Finally, an  $8 \times 8$  torus configuration has also been analyzed through the generation of a "pulse" of messages injected at maximum rate, determining the time required to consume all of them. Figure 9 shows the BASE-MC normalized time required to drain a pulse of 300,000 messages for each multicast configuration and traffic pattern. As can be seen, the Multicast Rotary Router is able to obtain more than a 50% time saving for most non-uniform traffic patterns.



#### C. Full-System Evaluation

The simulated system in this section will be a 16-processor CMP with shared S-NUCA L2 based on [10]. The main parameters of the simulated configuration can be seen in Table 2. The workloads selected cover different utilization scenarios, such as desktop, numerical or server-based applications. The multithreaded numerical applications are part of the NAS Parallel Benchmarks (OpenMP implementation version 3.2 [26]) and the PARSEC software [11]. Transactional applications correspond to the Wisconsin Commercial Workload suite [8]. Finally, desktop workloads use part of the SPEC CPU2006 suite [50] running in rate mode (multiprogrammed). For each application a variable number of runs is performed with pseudo-random perturbation in order to estimate workload variability [8]. All the results provided have a 95% confidence interval.

Token coherence protocol [36] is extremely multicast sensitive, being a perfect test bench for the network configurations proposed. Each time an L1 miss occurs, a multicast message is generated and sent to the rest of the L1 caches and to an L2 bank.

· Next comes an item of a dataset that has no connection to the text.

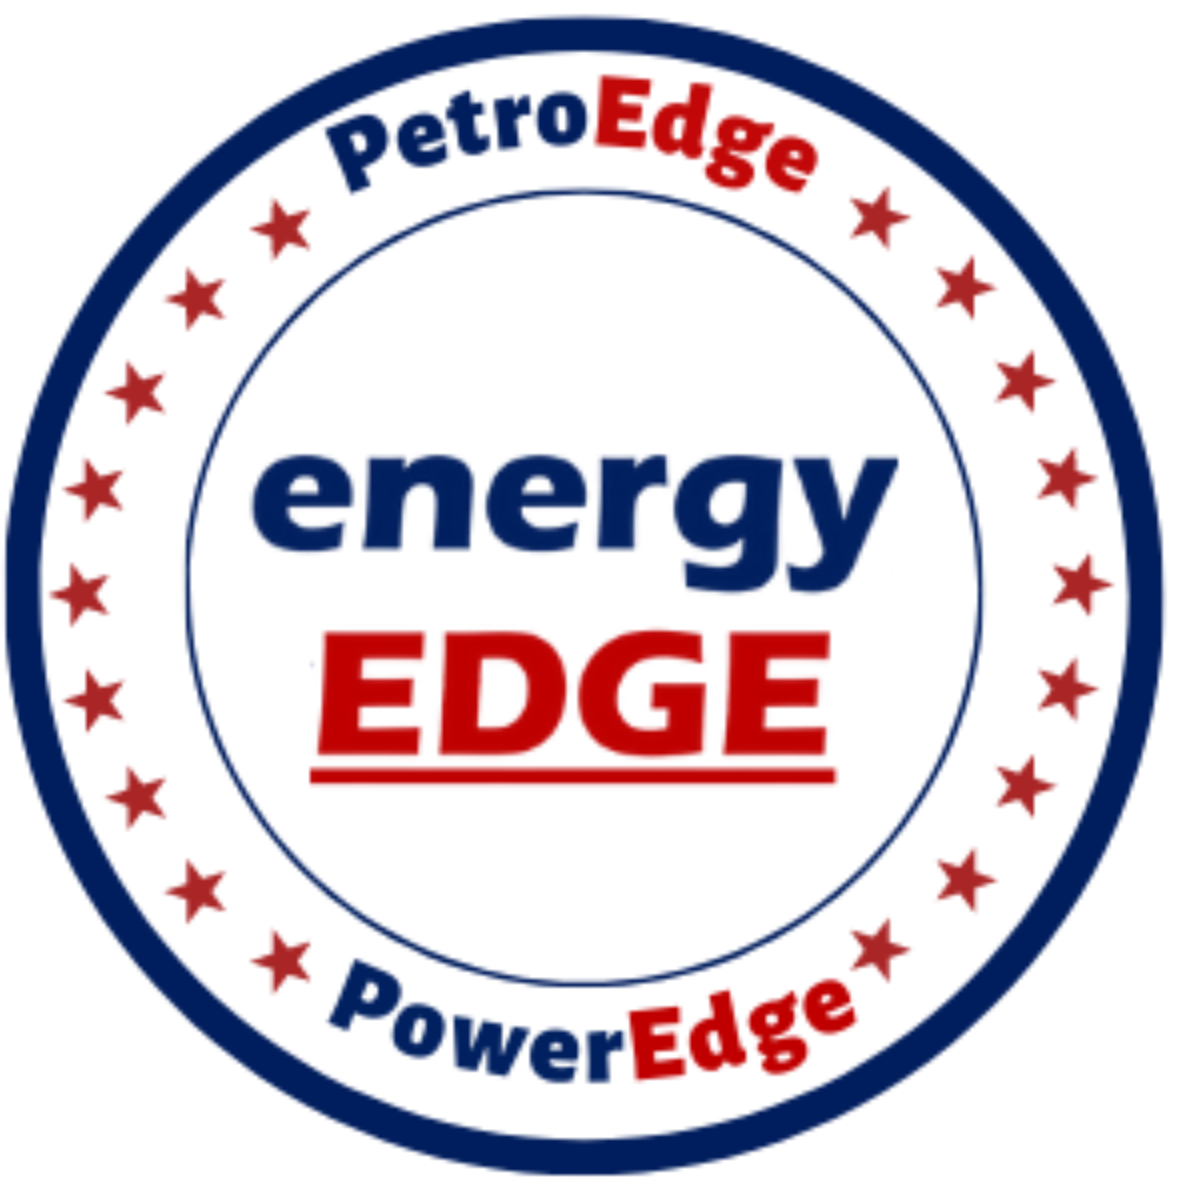 EnergyEdge - Training for a Sustainable Energy Future

These actions involve an important amount of network traffic, multicast hardware support being critical for this protocol. Persistent request activations and deactivations require the generation of multicast and point-topoint ordered communications. As they represent a small fraction of network traffic, we have chosen to decompose those transactions in unicast messages for the Rotary Router. Thus we are able to avoid the inclusion of special routing masks for ordered messages, which are not allowed to perform adaptive routing.

| TABLE 2. WHAT OTOTEM THRAMETERS. |      |                       |                                   |  |  |  |
|----------------------------------|------|-----------------------|-----------------------------------|--|--|--|
| PROCESSOR                        |      | MEMORY HIERARCHY      |                                   |  |  |  |
| Number of Cores                  | 16   | L1 I/D Cache          | 32KB, 4-way, 1 cycle              |  |  |  |
| Frequency                        | 2GHz | L2 Cache              | 16MB SNUCA, 16 Banks              |  |  |  |
| Window Size                      | 64   | L2 Cache<br>Bank      | 1MB, 16-way, 5-cyc,<br>pseudo LRU |  |  |  |
| Outstanding<br>Requests          | 16   | Main<br>Memory        | 4GB, 250 cycles, 320GB/s          |  |  |  |
| Issue Width                      | 4    | Block Size            | 64 Bytes                          |  |  |  |
|                                  |      | Command/<br>Data Size | 16/80 Bytes<br>(command/data)     |  |  |  |

TABLE 2. MAIN SYSTEM PARAMETERS.

Finally, in this section we will also provide energy-related results. Energy consumption of network components has been obtained through the Orion2.0 tool [27]. Table 3 shows the energy consumption of the main router events for the three counterparts. Orion2.0 energy values obtained for control logic are at least two orders of magnitude lower than the values obtained for datapath components. Only those actions consuming a significant amount of energy, included in Table 3, will be considered in the evaluation. Network results were obtained for a 2GHz operating frequency, 1V operating voltage and 45nm technology. The switch model selected was Matrix-Crossbar, while buffers were modeled as SRAM blocks. Additionally, the energy consumed by the different onchip cache levels will also be measured, making use this time of the CACTI6.5 software [40]. Assuming the same technology and operating frequency employed in Orion2.0 and the L1 and L2 bank sizes specified in Table 2, each L1 bank access requires 530.54pJ and each L2 bank access 2408pJ.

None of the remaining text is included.